In theory, "requiring administrative review does not foreclose a prisoner's ability to file suit, it merely creates a necessary precondition. The requirement is not designed to stop prisoners from filing suit, but rather to facilitate the litigation process." Smith v. Zachary, 255 F.3d 446 (7th Cir.2001). In practice, however, a prison official could decide that he could prevent inmates from ever filing civil actions in federal court by frustrating their attempts to file and appeal grievances. This court would not be amused by such actions.

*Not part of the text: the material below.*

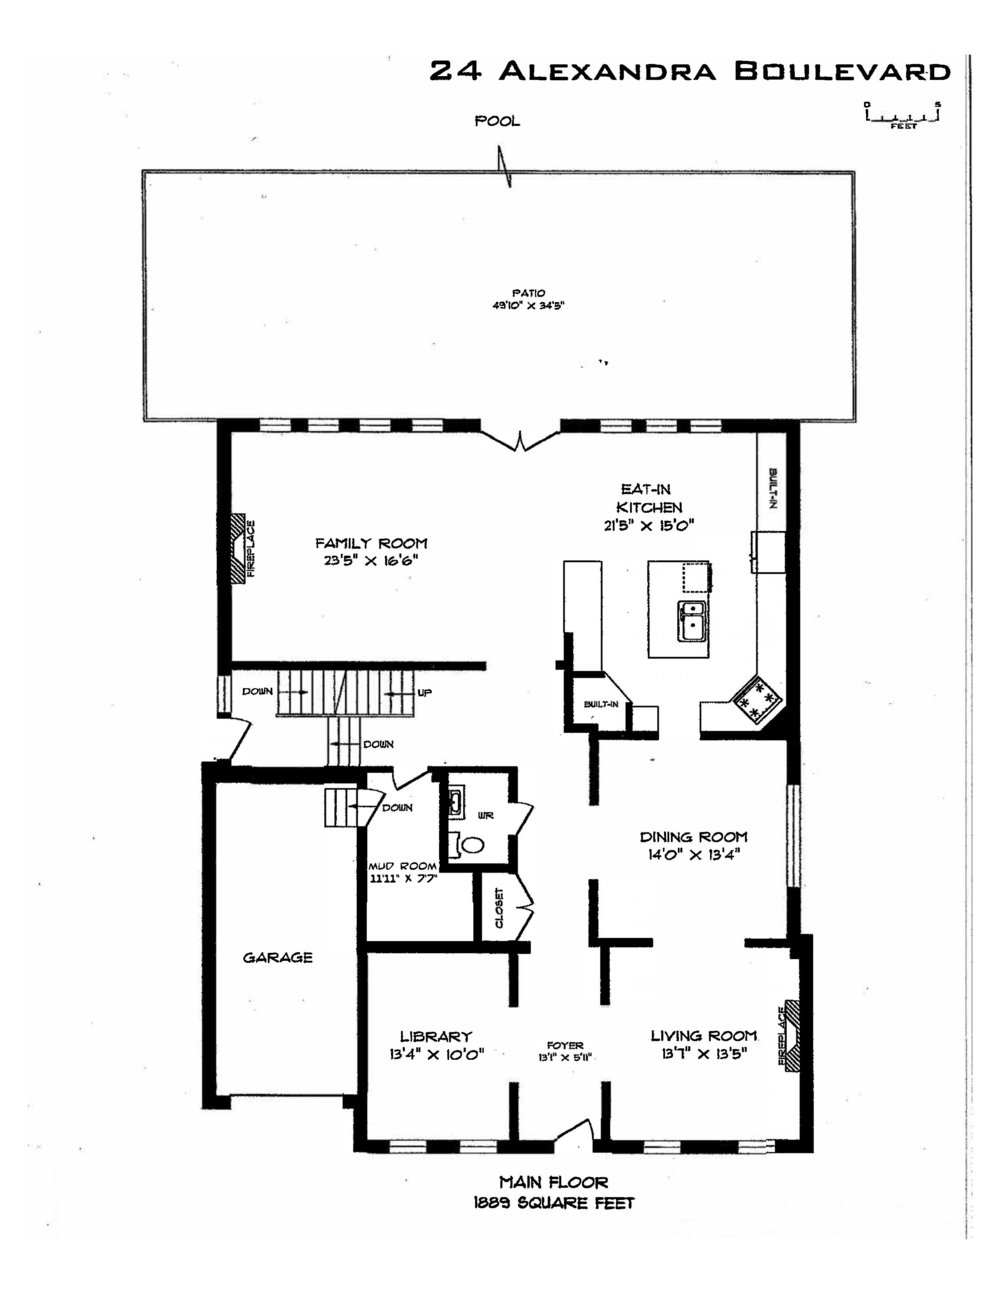 24 Alexandra floor plans_Page_3.jpg

Mr. Wilson does not allege that he has actually been prevented from filing a civil action because MCF officials frustrated his attempts to file and pursue grievances. The complaint suggests that the grievances he believes were frustrated deal with claims presented in this complaint. Accordingly, the court will dismiss *820 this claim as premature. Naturally, if MCF officials prevented Mr. Wilson from filing a grievance or appealing the denial of a grievance, thereby precluding him from exhausting his administrative remedies, the defendants cannot rely on § 1997e(a) to obtain the dismissal of this complaint.

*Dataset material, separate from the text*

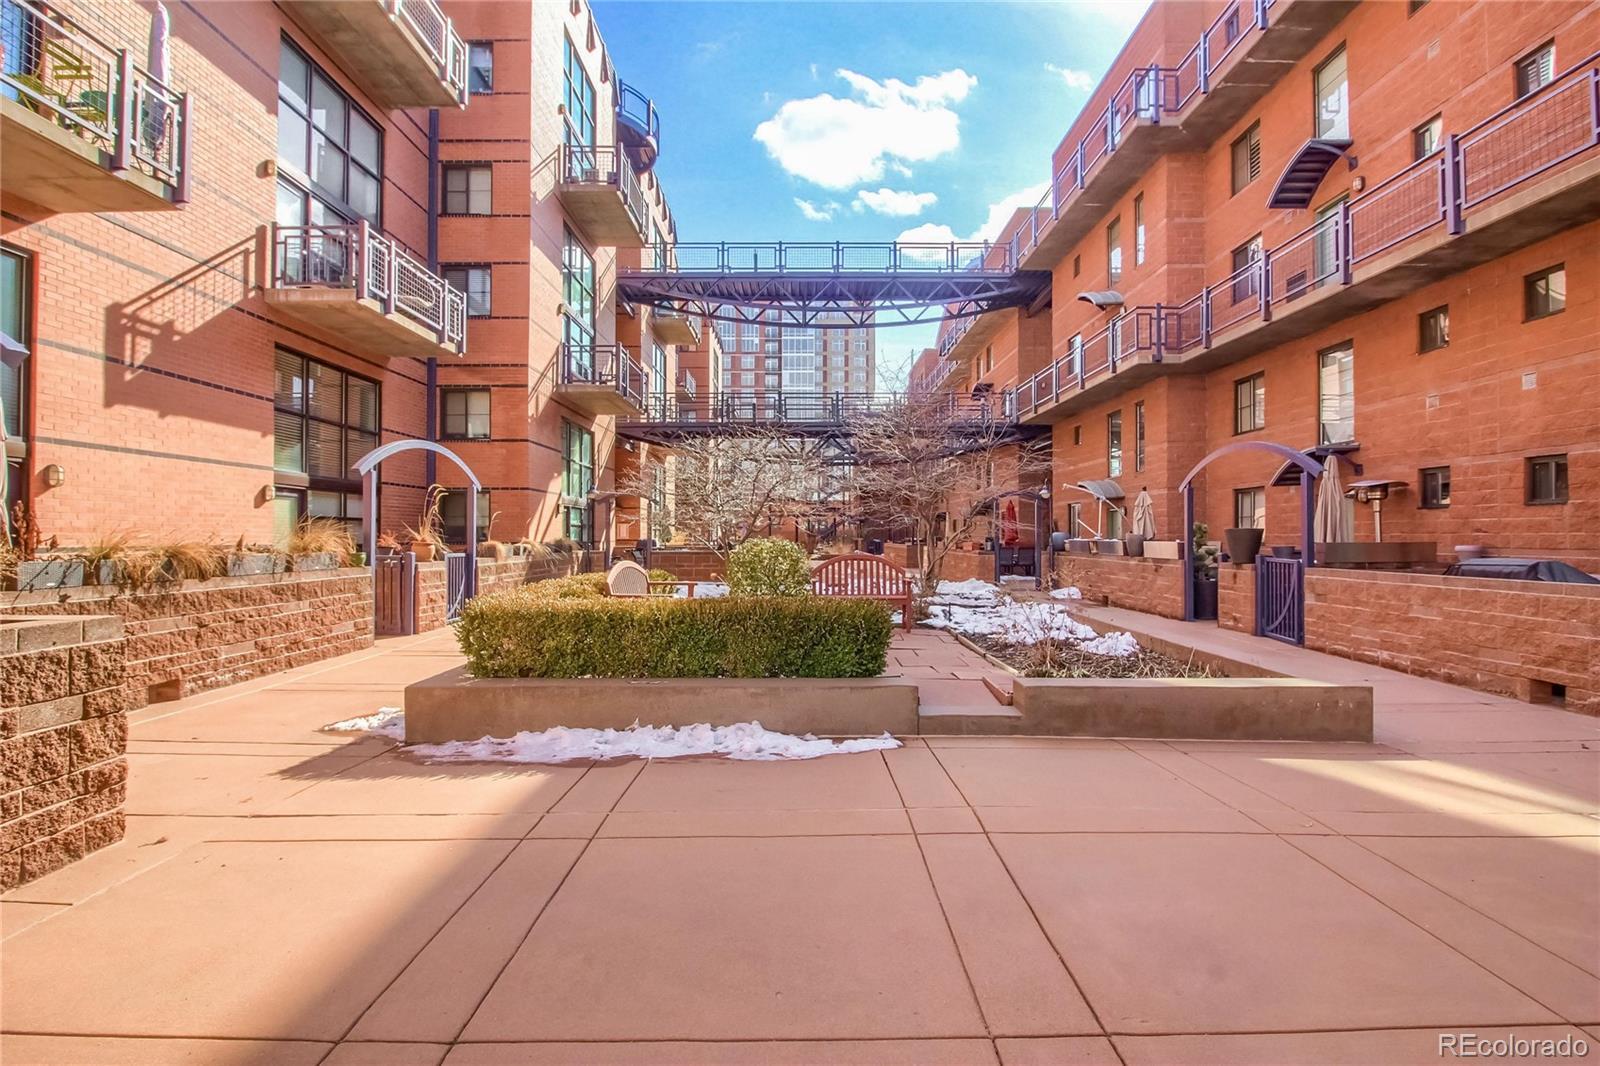 MLS# 5211975 - 32 - 930 Acoma Street #315, Denver, CO 80204

For the foregoing reasons, the court:
(1) GRANTS the plaintiff leave to proceed against defendants William Liddell, David Bailey, William Schoettmer, Kelly Mendenhall, Michael Valdez, and Michael Biddle in their individual capacities for damages on the excessive use of force claim contained in his third cause of action, against defendants Liddell, Bailey, Schoettmer, Mendenhall, on the supplemental state law claims presented in count IV of the complaint to the extent the plaintiff meets the procedural prerequisites established by state statute to bring such claims, against defendant John VanNatta on his Eighth Amendment claim that defendant VanNatta denied him medical treatment for his serious medical needs, and against defendants Liddell and Bailey on his claim that they violated the Eighth Amendment by depriving him of food and exercise;
(2) DENIES the plaintiff leave to proceed against any other defendant or on any other claim presented in the complaint, and DISMISSES pursuant to 28 U.S.C. § 1915A(b), all other defendants and claims;
(3) Pursuant to 42 U.S.C. § 1997e(g)(2), ORDERS that defendants William Liddell, David Bailey, William Schoettmer, Kelly Mendenhall, Michael Valdez, Michael Biddle, and John VanNatta respond to the complaint as provided for in the Federal Rules of Civil Procedure; and
(4) DIRECTS the marshals service to effect service of process on defendants William Liddell, David Bailey, William Schoettmer, Kelly Mendenhall, Michael Valdez, Michael Biddle, and John VanNatta on the plaintiffs' behalf, and DIRECTS the clerk's office to ensure that a copy of this order is served on these defendants along with the summons and complaint.
IT IS SO ORDERED.
[1] Mr. Wilson names MCF Superintendent John VanNatta and Indiana Department of Correction central office official Linda VanNatta as defendants. He does not assert which VanNatta took him off of his medication. For the purposes of this memorandum, the court will assume Supt. VanNatta was the person who he alleges deprived him of medical treatment. Mr. Wilson should notify the court if he asserts otherwise.
[2] Mr. Wilson does not name Officer Smith as a defendant in the portion of his complaint entitled "Parties," and he does not submit materials to serve Officer Smith with process.